Comme mentionné au début de l’article, la com­mu­nauté adhère au code de conduite de l’OSF. Cela inclut la gestion ouverte de l’ensemble du projet et surtout du code source. Cette ouverture est garantie par la com­bi­nai­son des deux bases de code source ouvertes intégrées et vir­tua­li­sées. Parmi les nombreux soutiens du projet, on trouve notamment Ku­ber­netes, Docker, OCI, CRI, CNI, QEMU, KVM et OpenStack.

Clear Con­tai­ners et runV, les bases tech­niques de Kata Con­tai­ners, sont utilisés par de grandes en­tre­prises dans le monde entier, notamment JD.com, l’une des boutiques en ligne les plus po­pu­laires en Chine.

Les con­te­neurs Kata fonc­tion­nent gé­né­ra­le­ment mieux lorsqu’on a besoin de con­te­neurs qui sont destinés à fonc­tion­ner sur des noyaux dif­fé­rents.

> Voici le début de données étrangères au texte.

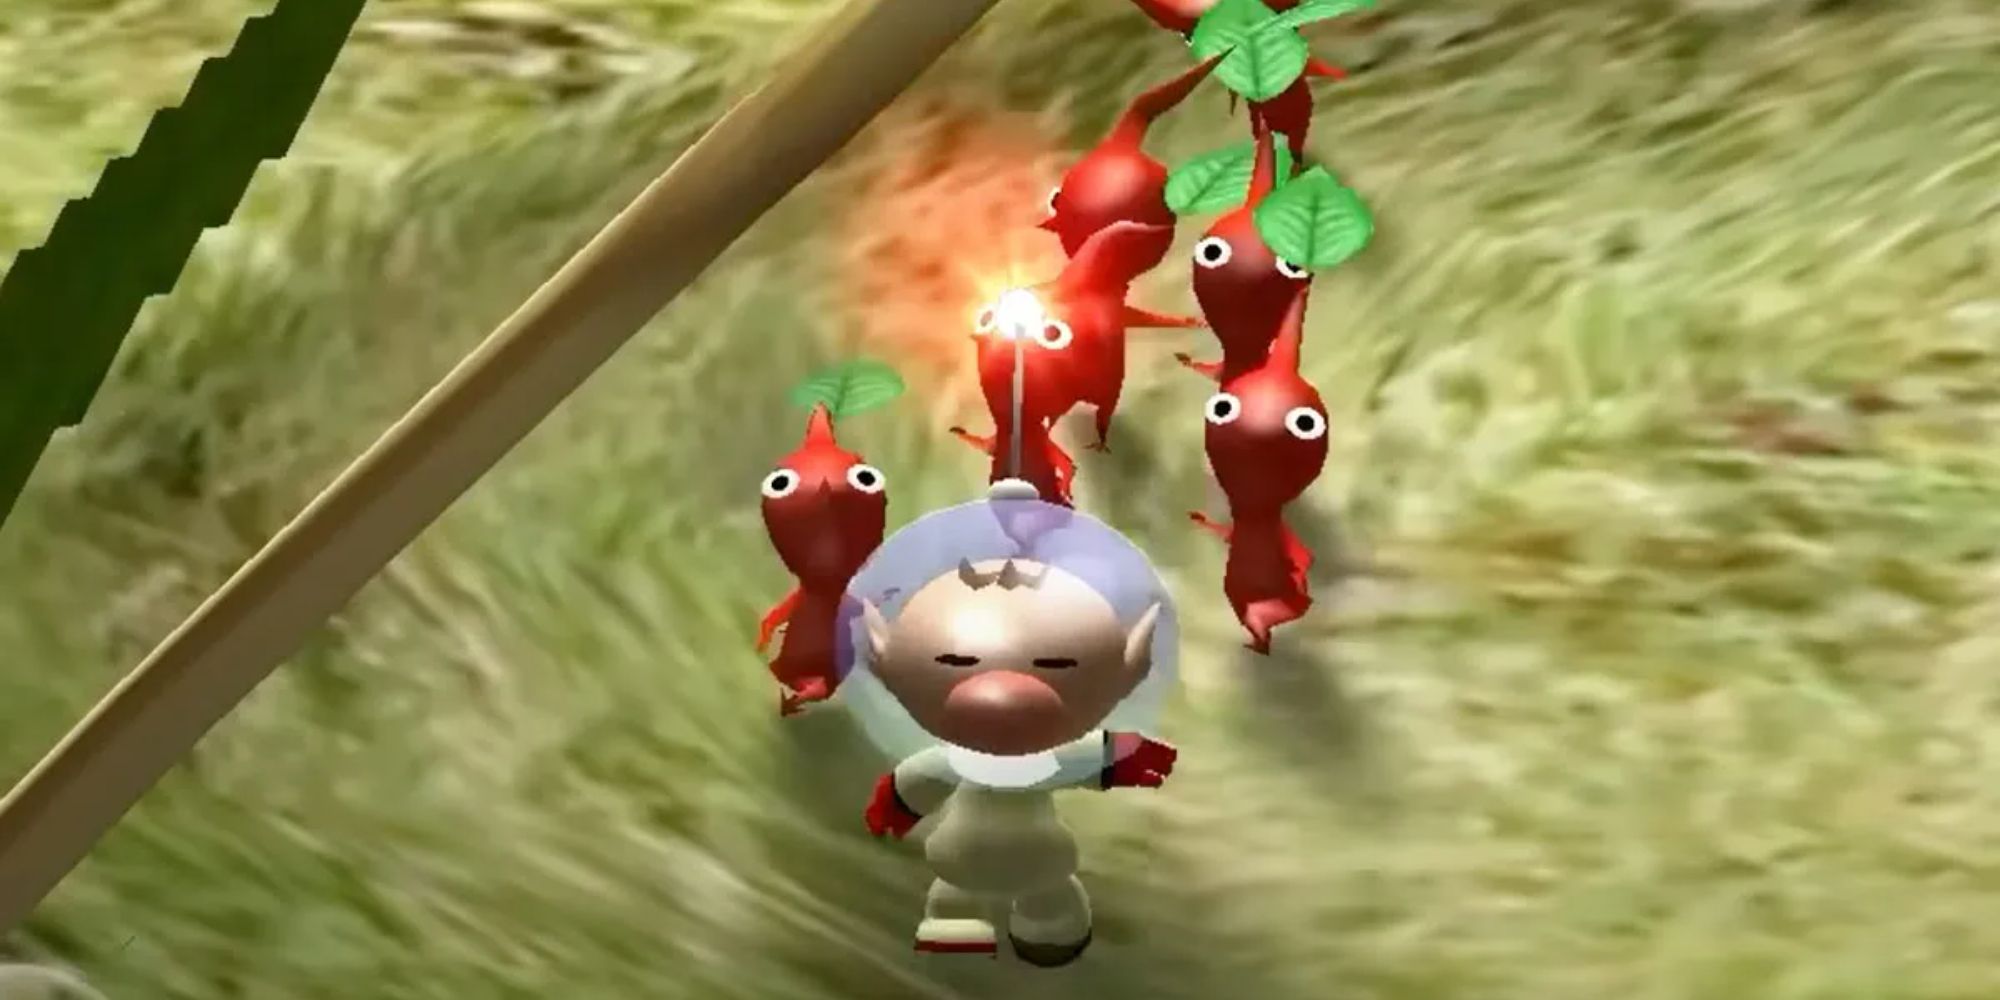 Olimar walking with red Pikmin

Cela inclut des domaines d’ap­pli­ca­tion tels que l’in­té­gra­tion et le dé­ploie­ment continus (CI/CD), le edge computing, les fonctions de réseau vir­tua­li­sées ainsi que les con­te­neurs en tant que Service (CaaS). Kata est également idéal pour les ap­pli­ca­tions de niche, car aucun autre conteneur n’est aussi simple, économe en termes de res­sources, sûr et flexible.